## Material for this task:

..............................

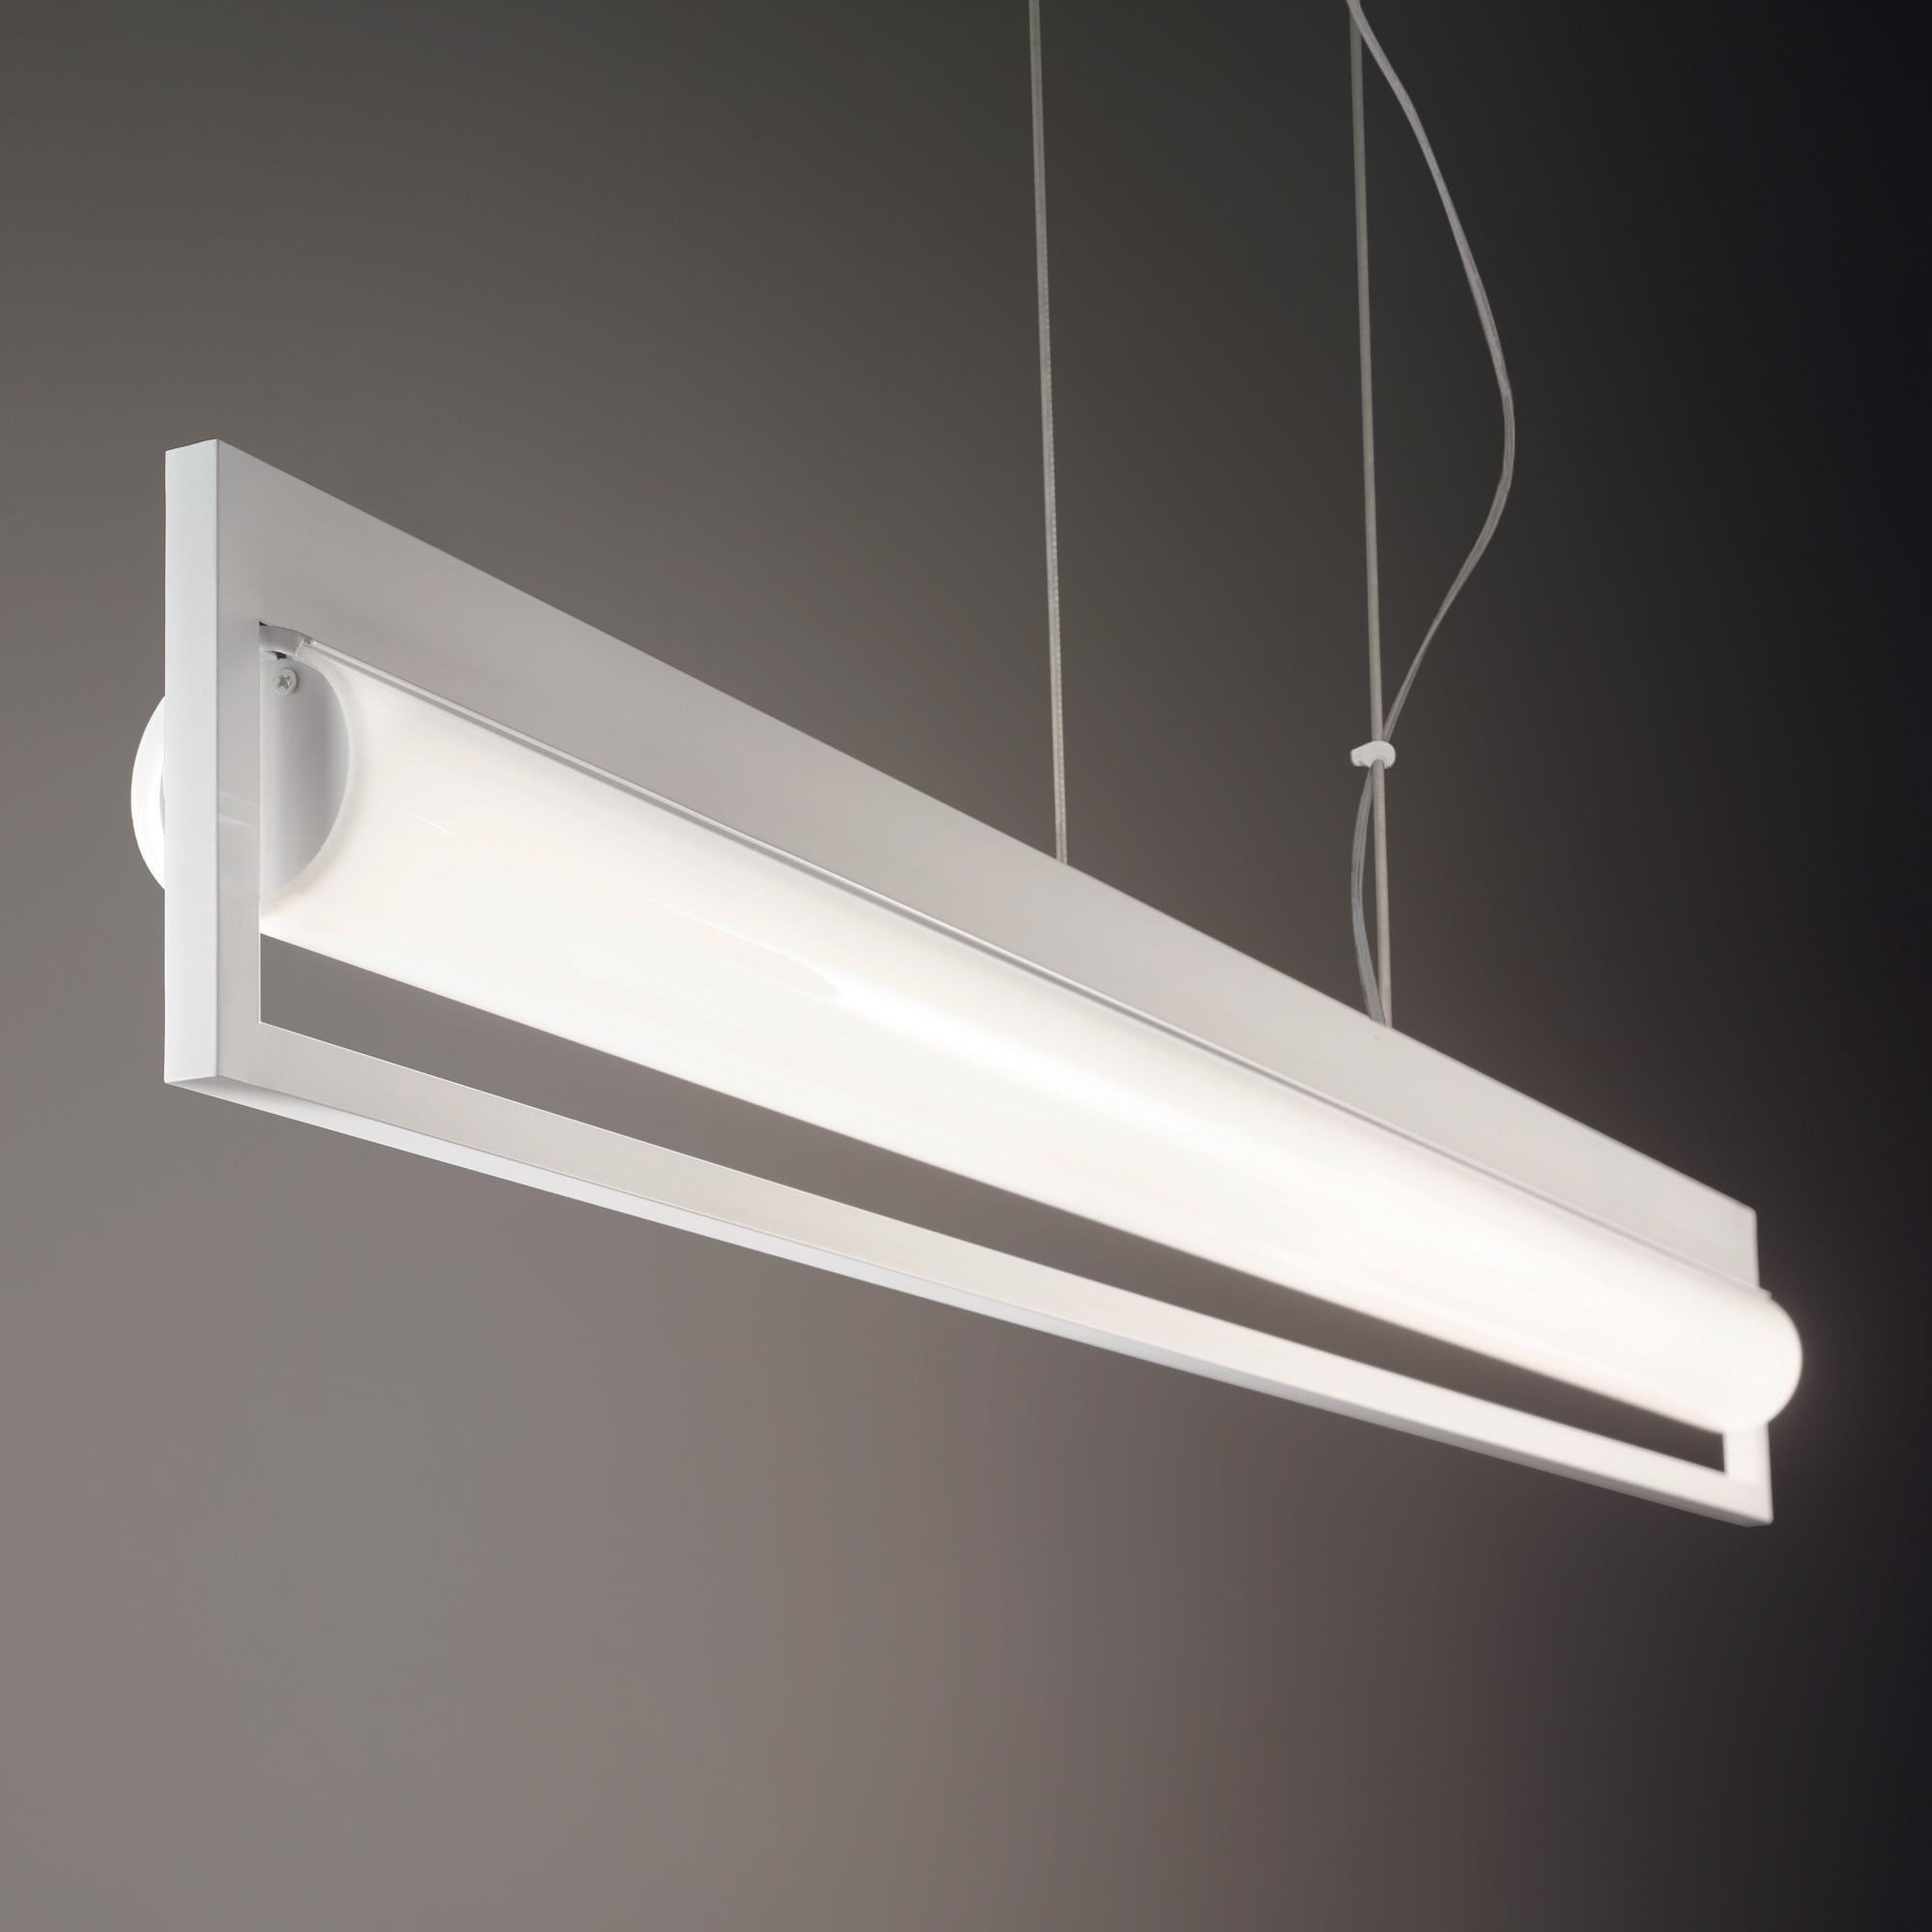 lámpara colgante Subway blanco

..............................

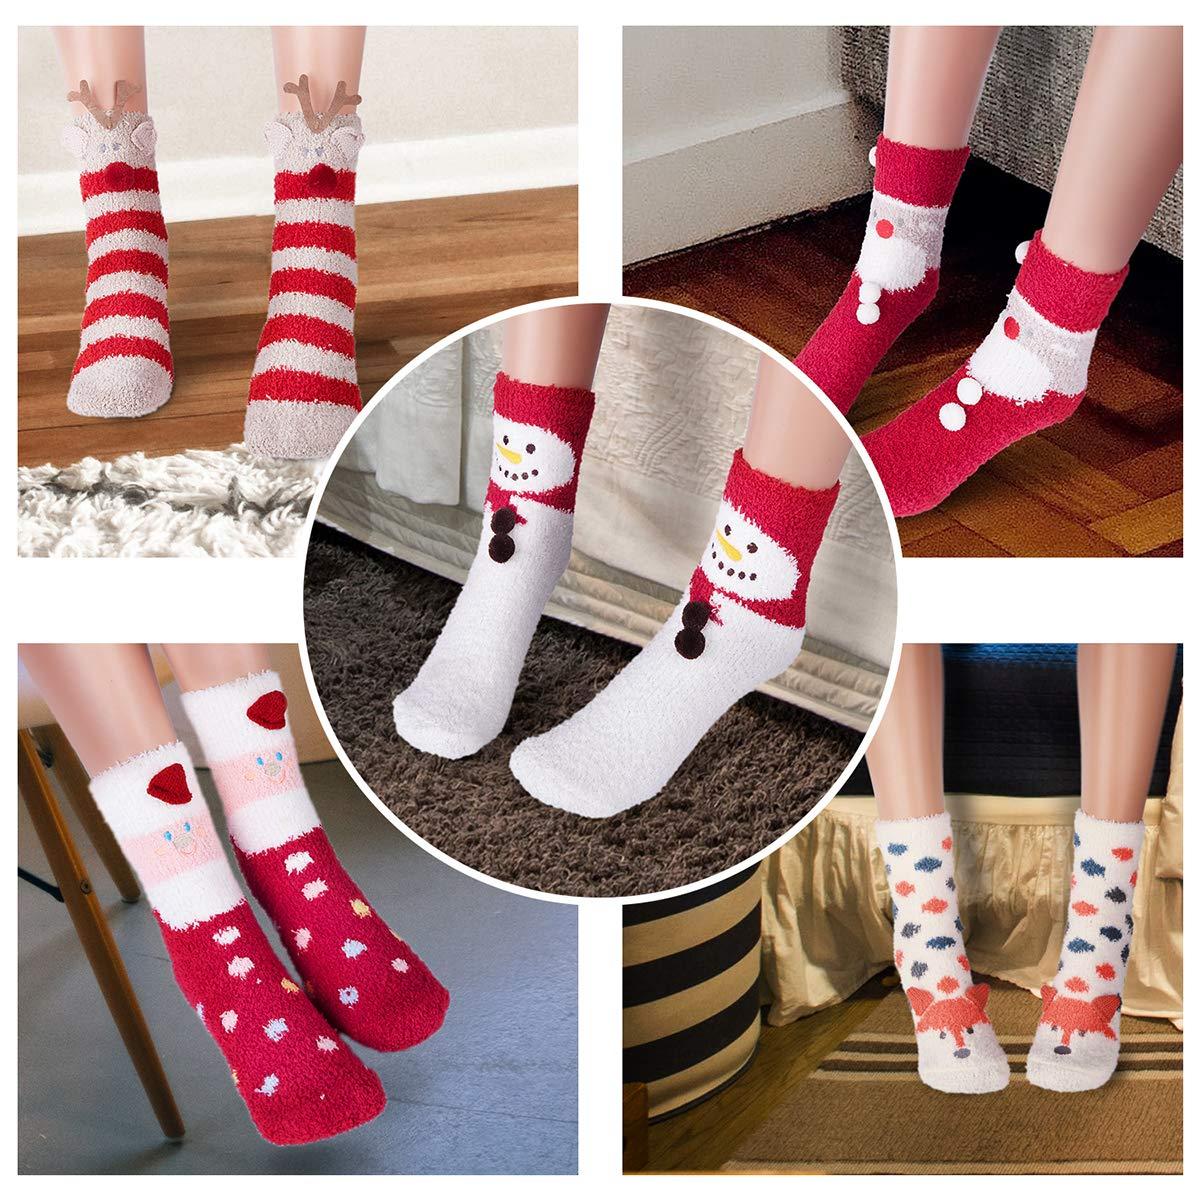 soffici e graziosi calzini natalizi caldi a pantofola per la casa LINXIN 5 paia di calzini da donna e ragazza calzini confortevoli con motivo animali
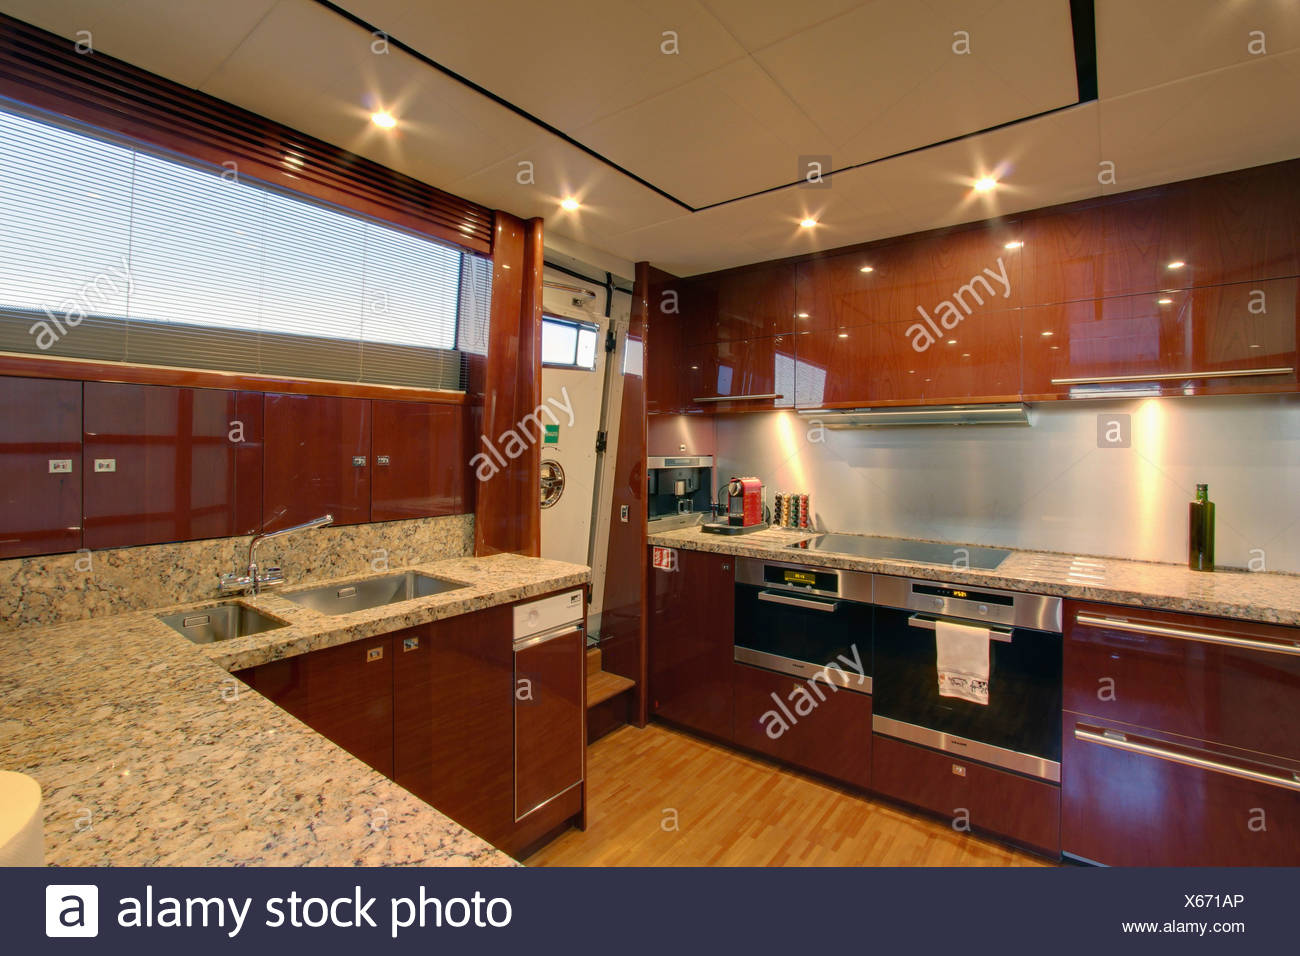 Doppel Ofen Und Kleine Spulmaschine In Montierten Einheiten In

..............................

## Your objective:
Your answer must be the exact lines from the records above, from the one containing "soffici e graziosi" through the one containing "Doppel Ofen Und", both included, with every picture left out.

## Solution:
 soffici e graziosi calzini natalizi caldi a pantofola per la casa LINXIN 5 paia di calzini da donna e ragazza calzini confortevoli con motivo animali
 Doppel Ofen Und Kleine Spulmaschine In Montierten Einheiten In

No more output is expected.